The long-term sequelae are generally favorable with conservative treatment. However, recurrence is not uncommon. Most recurrent events occur within the first few years and are more likely in patients with coronary tortuosity or fibromuscular dysplasia (FMD), both of which are associated with higher recurrence risk.14 Therefore, patient counseling, risk factor modification, avoidance of triggers, and structured follow-up are essential.
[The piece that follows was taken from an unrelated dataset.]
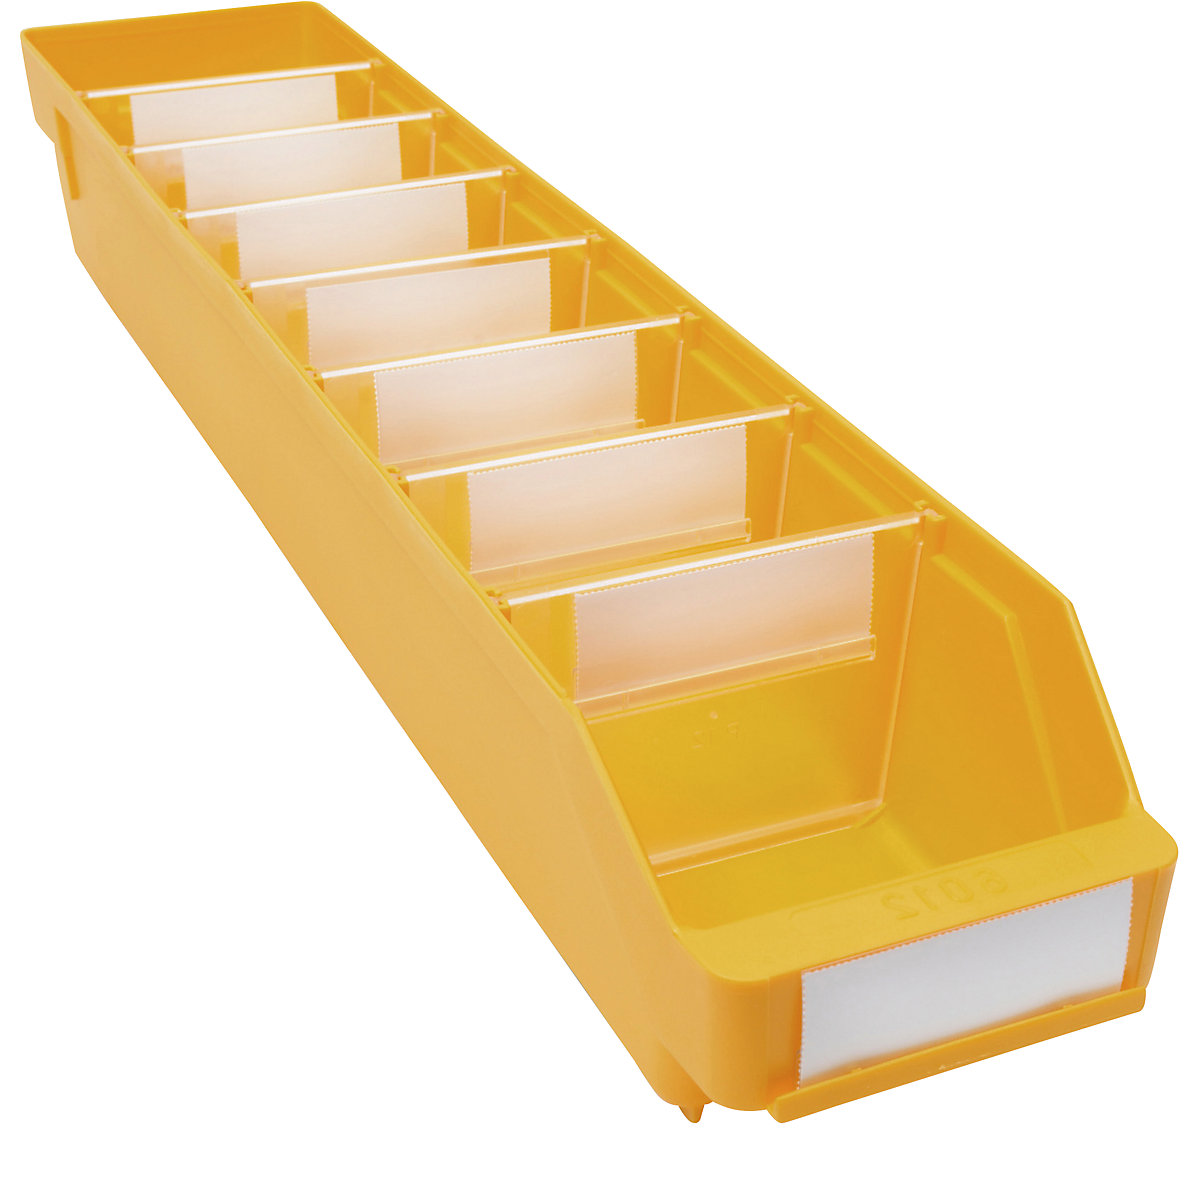 Kutija za regale od polipropilena otpornog na udarce – STEMO, u žutoj boji, DxŠxV 600 x 118 x 95 mm, pak. 30 kom.-21

This case highlights the importance of maintaining a high index of suspicion for SCAD in young women presenting with ACS, irrespective of their risk factor profile, underscores the value of multimodality imaging for accurate diagnosis, and demonstrates the effectiveness of conservative management when appropriate.

Conclusion

Spontaneous coronary artery dissection (SCAD) is a rare but important cause of acute myocardial infarction in young women without traditional cardiovascular risk factors. Early recognition, accurate diagnosis with multimodal imaging, and appropriate conservative management are crucial to optimizing outcomes and minimizing procedural complications. This case highlights the importance of considering SCAD in differential diagnosis for acute coronary syndromes in this population, emphasizes the role of imaging in guiding therapy, and demonstrates that long-term recovery with complete arterial healing is achievable with careful follow-up and multidisciplinary care.

Ethical Considerations

Written informed consent was obtained from the patient for publication of this case report and accompanying images.